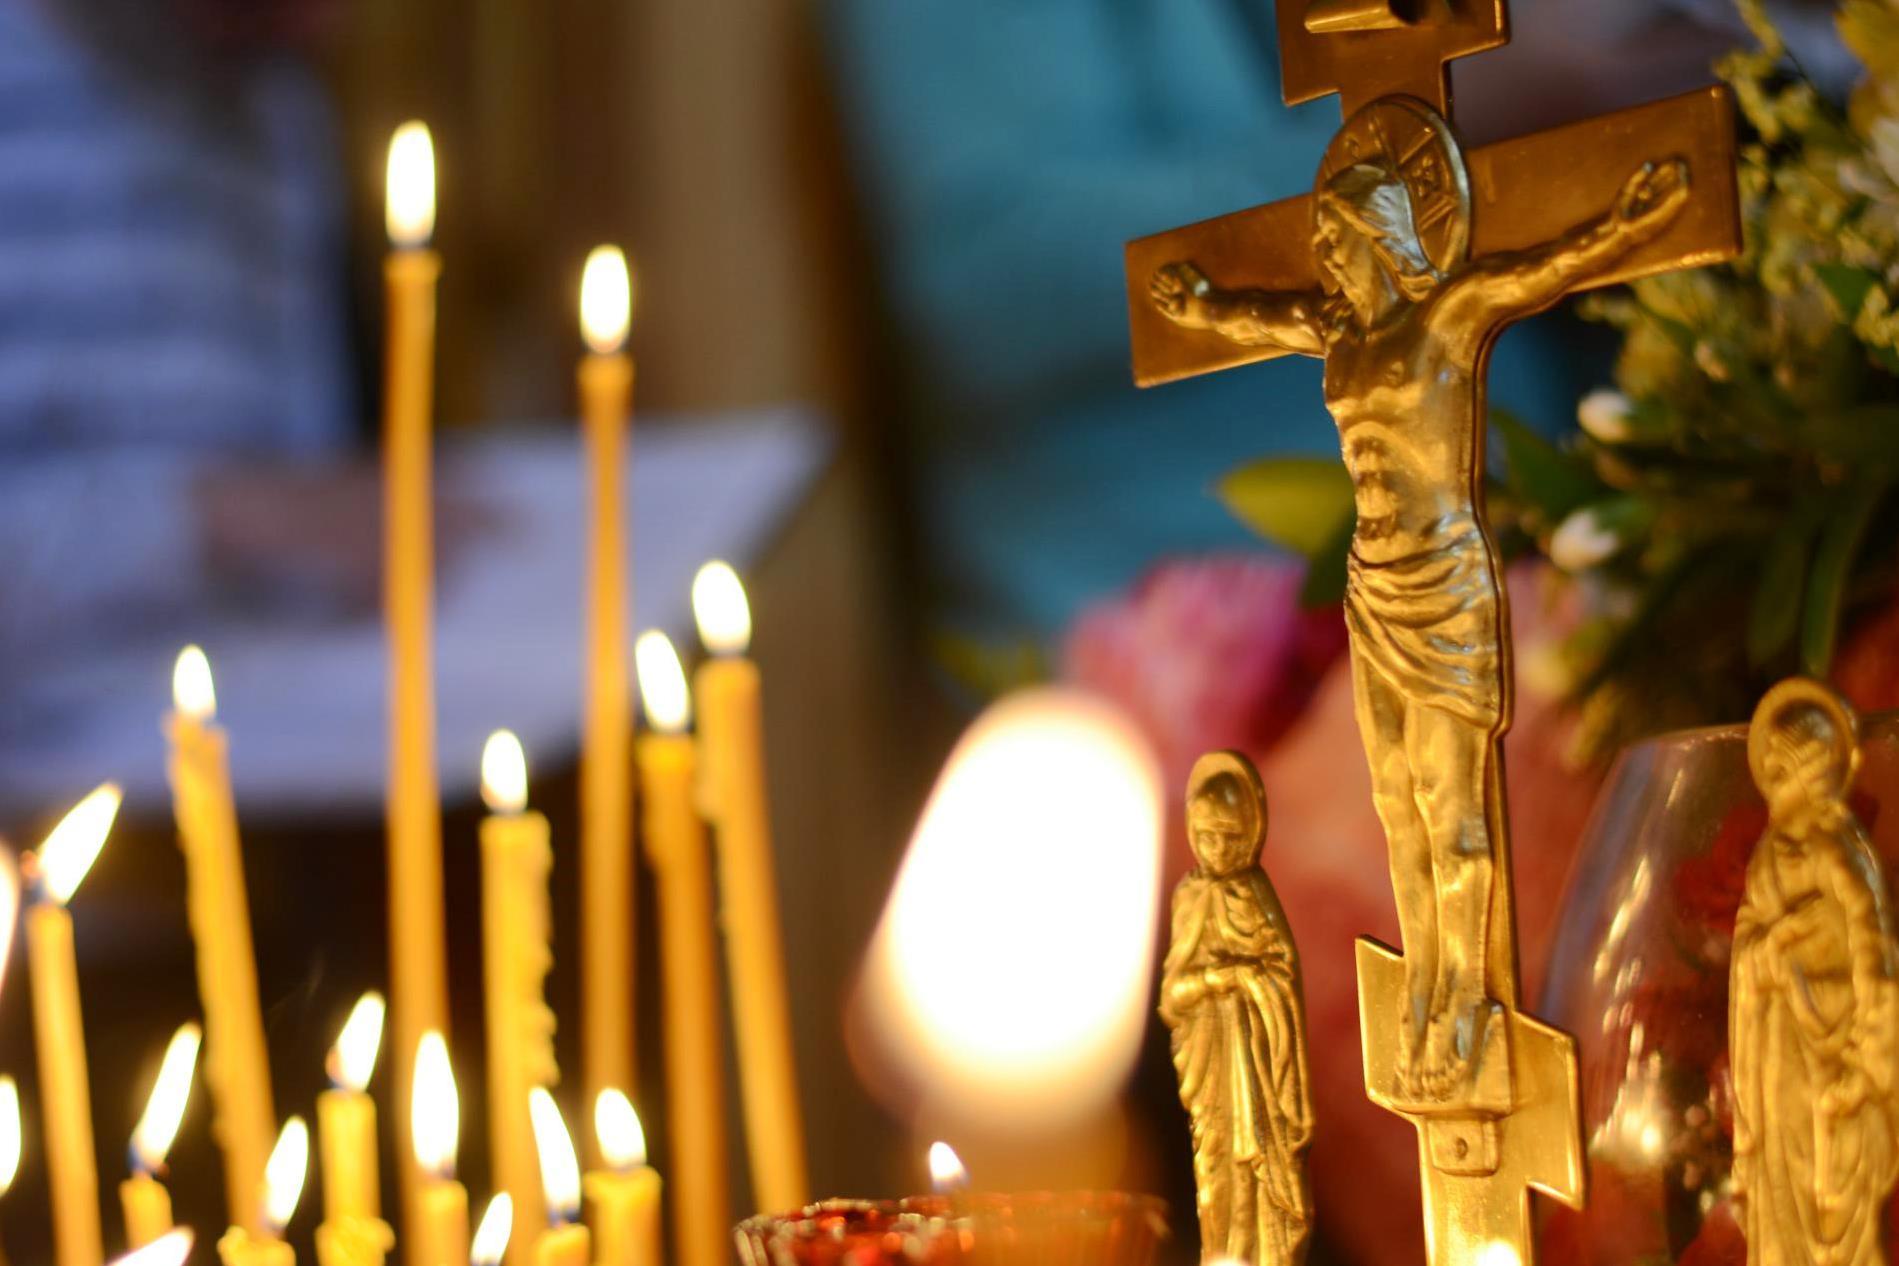 Радоница и молитва: как поминать усопших правильно
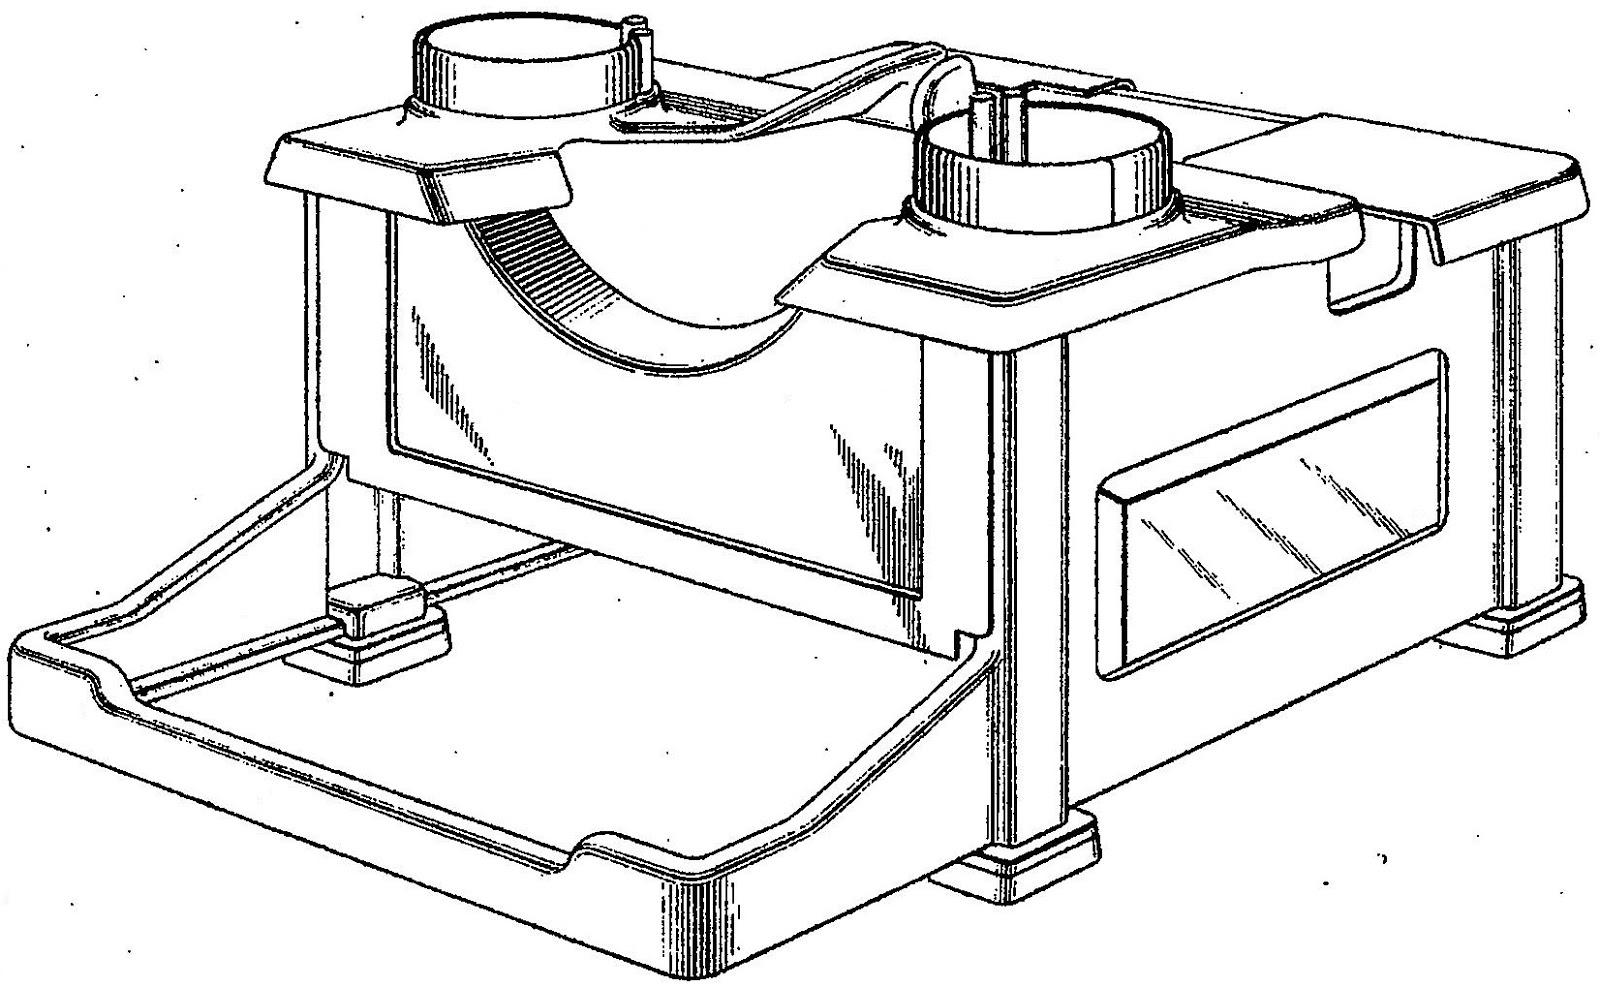 oz.Typewriter: On This Day in Typewriter History: Designs
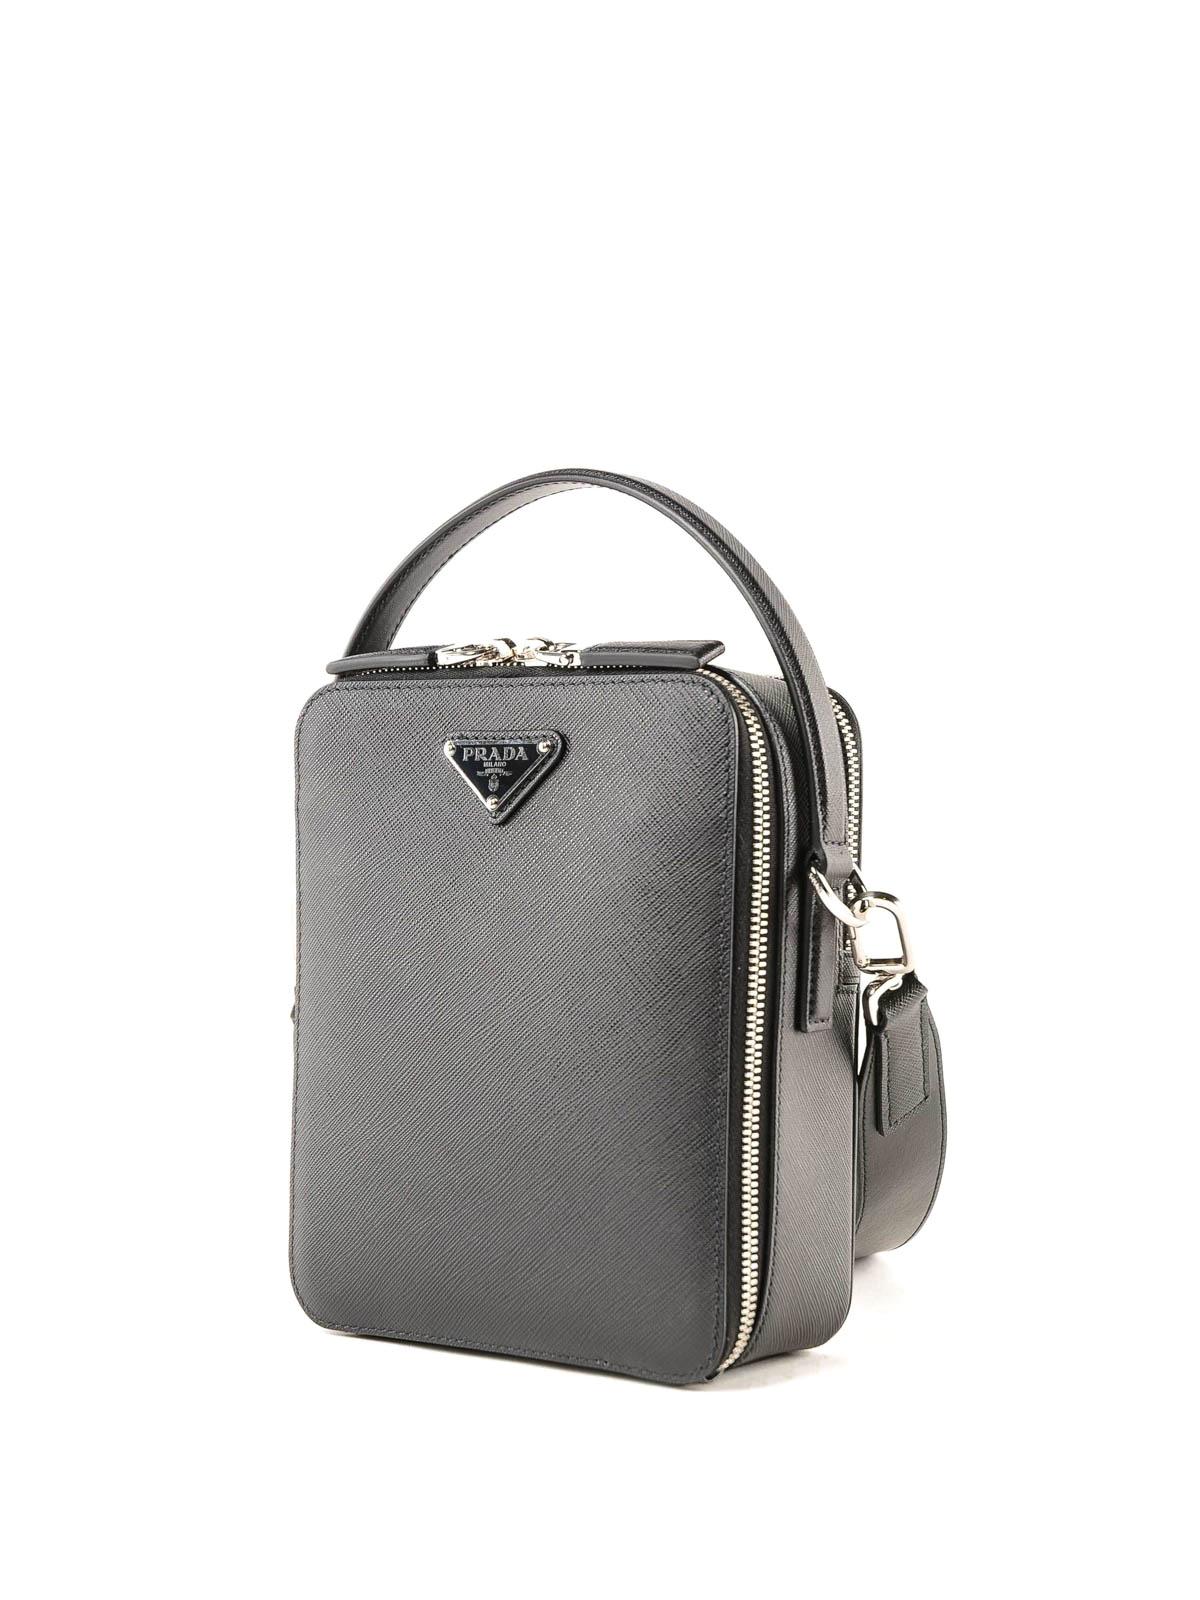 07a2625fda9e PRADA  cross body bags online - Black saffiano leather crossbody bag

### Your instructions
A word-for-word repetition of the data above, without pictures, is the expected answer.

### Task answer
 Радоница и молитва: как поминать усопших правильно
 oz.Typewriter: On This Day in Typewriter History: Designs
 07a2625fda9e PRADA  cross body bags online - Black saffiano leather crossbody bag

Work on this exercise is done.